PASADENA, Calif. – A federal appeals court revived on Friday a New York woman's lawsuit against a Southern California museum to return two 16th century paintings seized by Nazis during World War II.
The 9th Circuit Court of Appeals ruled 2-to-1 to reverse a lower court's decision in 2012 to dismiss Marei Von Saher's claims that the paintings belonged to her late father-in-law, a Dutch Jewish art dealer who was forced to give them up during the Holocaust.
U.S. District Judge John Walter had initially ruled that Von Saher's claims against the Norton Simon Museum in Pasadena were untimely and the remedies she sought in her lawsuit against the institution conflicted with United States foreign policy on the restitution of Nazi-looted art.
The three-judge panel ruled that Von Saher's claims did not conflict with the policy, called "external restitution," that allows various countries to determine for themselves who rightfully owned art that was recovered from Nazi possession during and after the war. The ruling said that because the Netherlands ended up selling the paintings to a buyer, who later sold them to museum founder Norton Simon in 1971, "the dispute was one between private parties."

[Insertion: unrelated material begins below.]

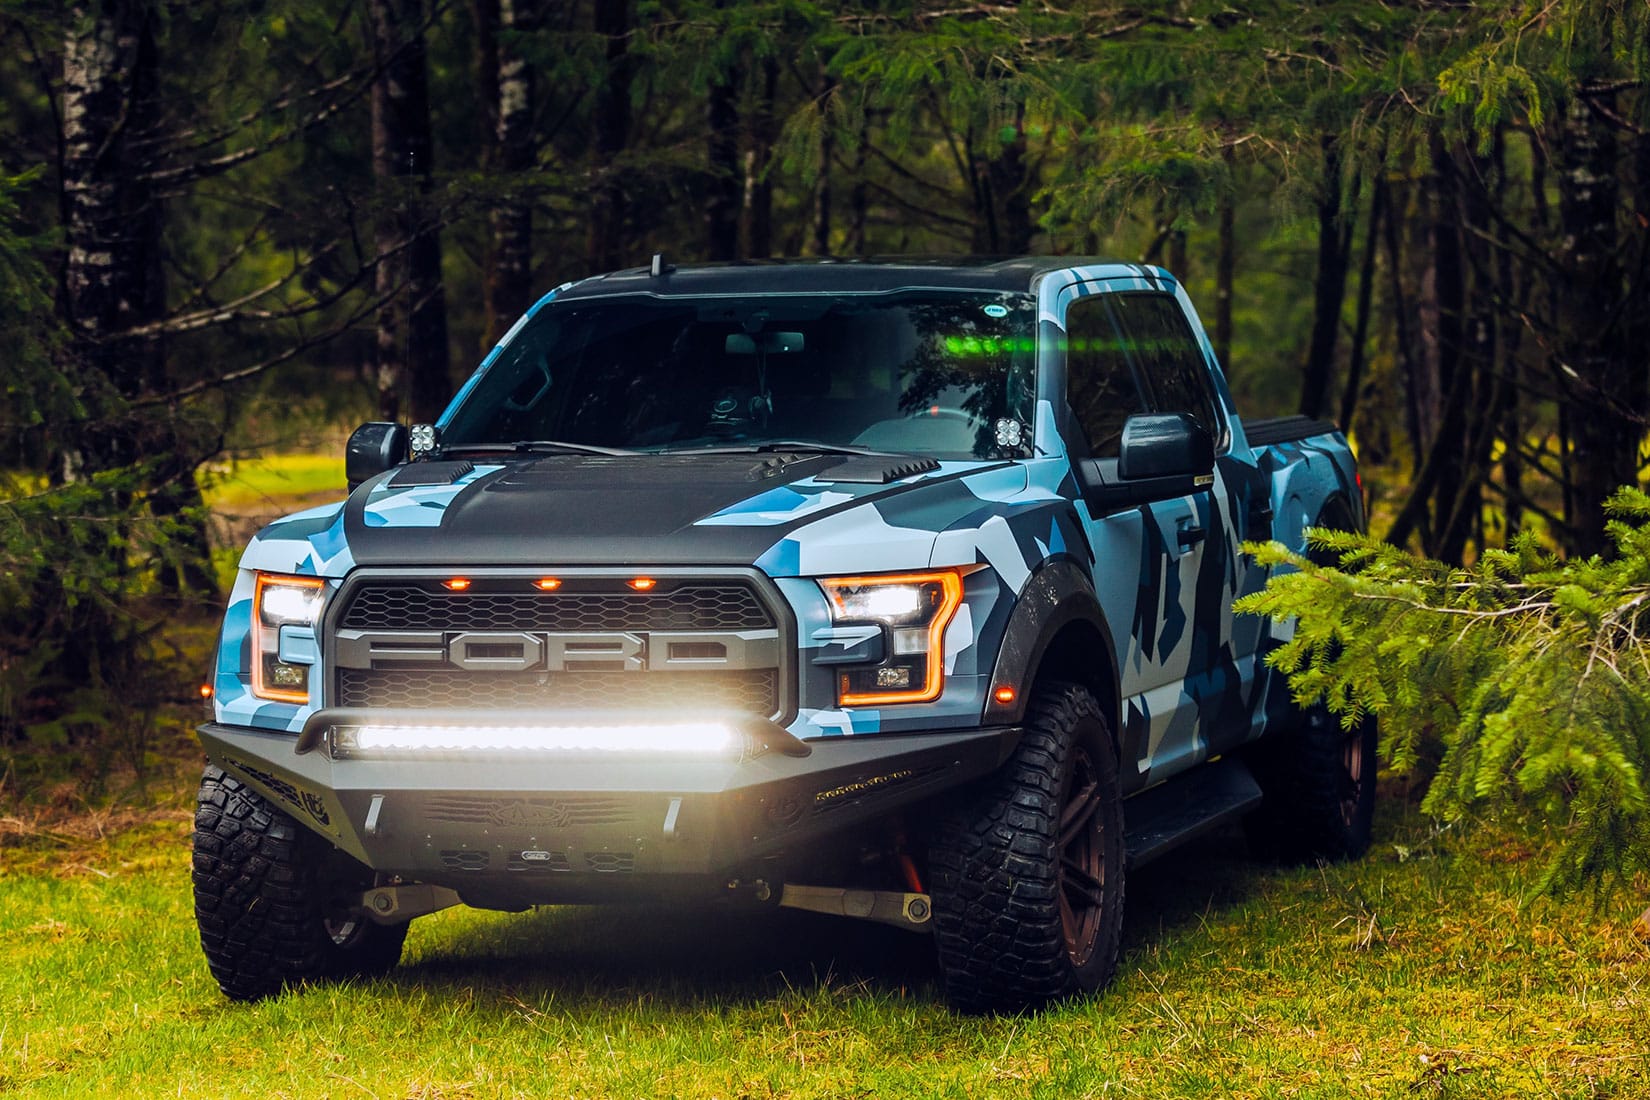 Front view of a blue camo Ford truck with LED light bar mounted below its grille and headlights.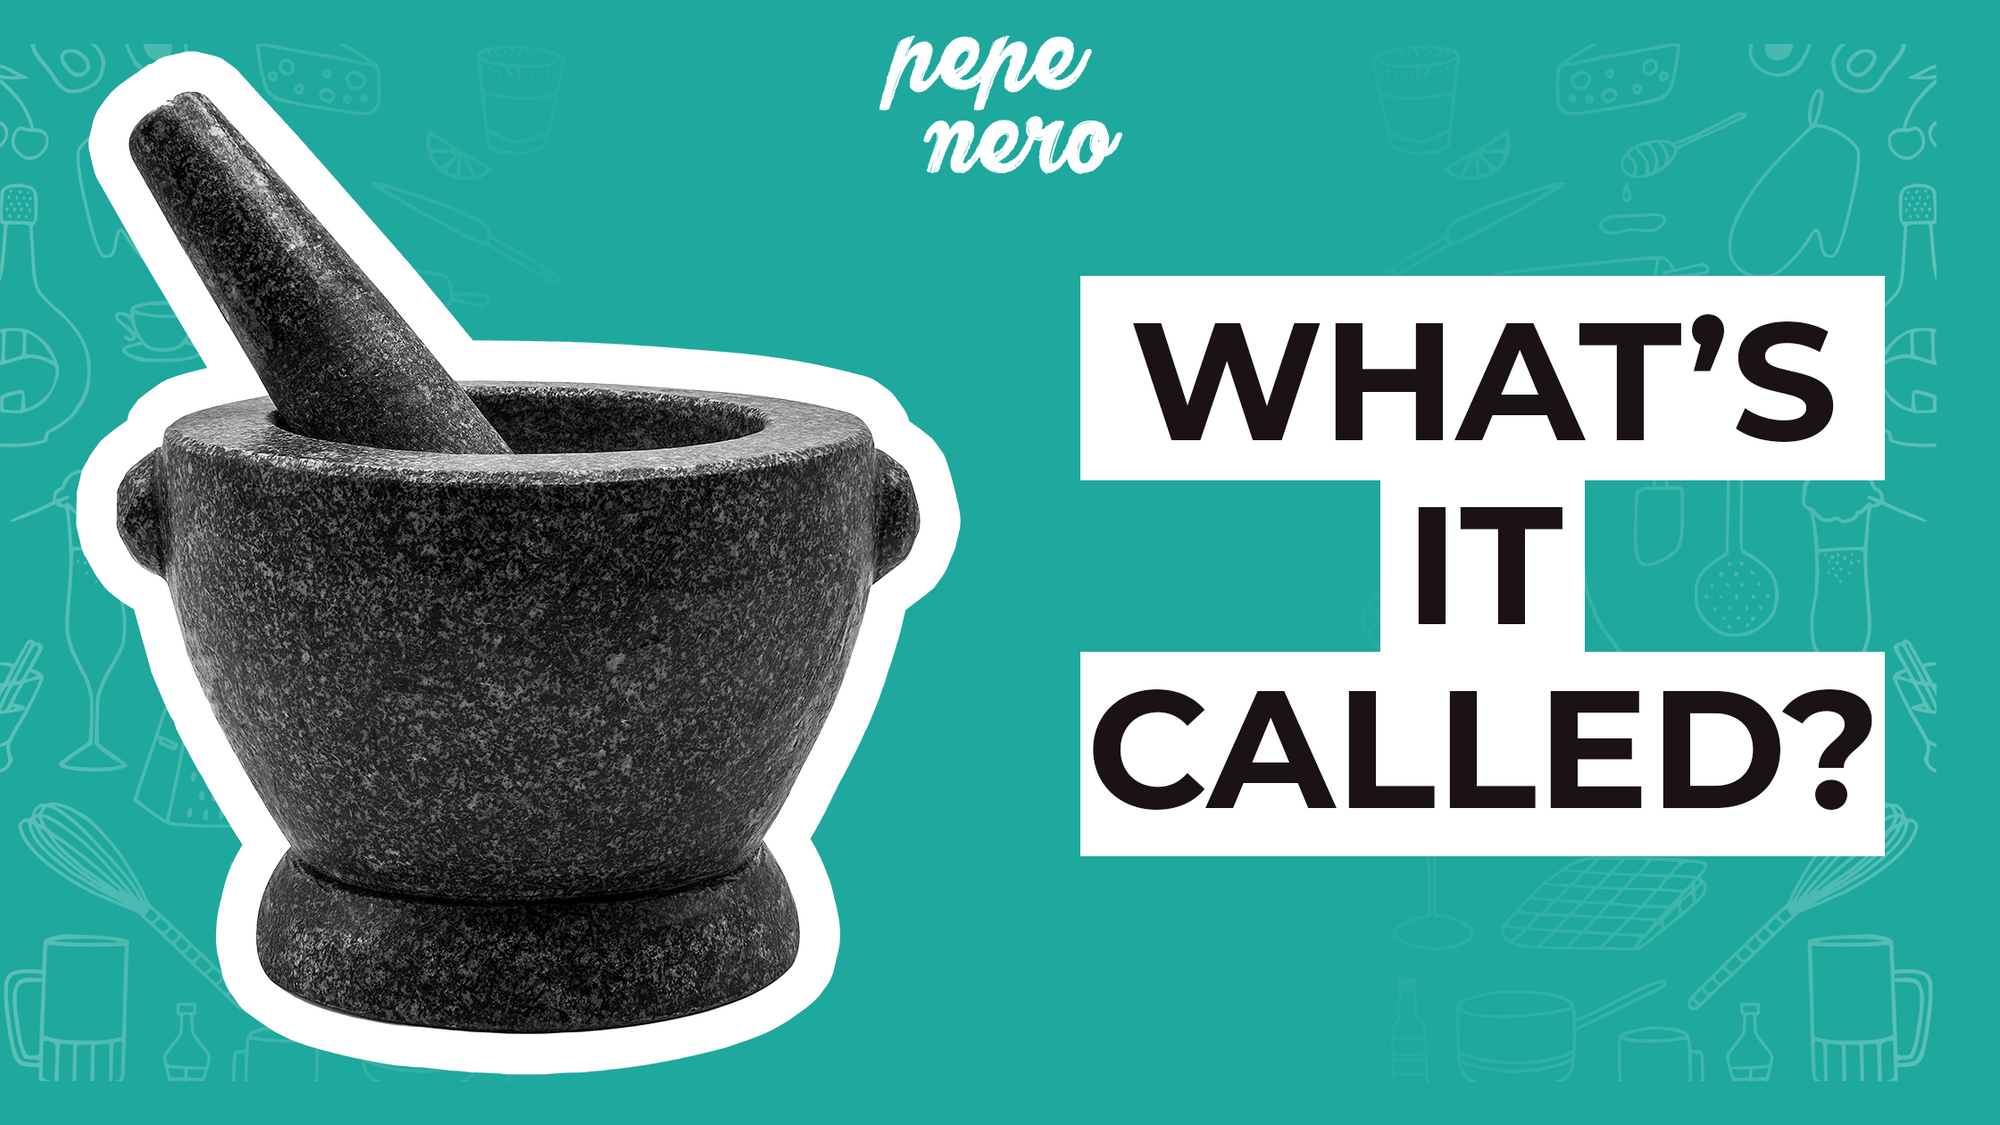 What Is the Bowl Called in a Mortar and Pestle?

The paintings date from approximately 1530 and were appraised at $24 million in 2006. Both paintings are life-size panels painted by the German Renaissance artist, Lucas Cranach the Elder. They feature Adam and Eve, and they might have been the inspiration for the title sequence of the TV series "Desperate Housewives."
The paintings were initially found by a group of Allied Forces experts known as the Monuments Men, who sought to retrieve artistic masterpieces from Nazi possession near the end of World War II.
"Now that they've realized that it doesn't interfere with U.S. foreign policy, she can get her property back that was stolen from her," Von Saher's attorney Lawrence Kaye said.
The Norton Simon Art Foundation said in a statement that it "remains confident that it holds complete and proper title to Adam and Eve."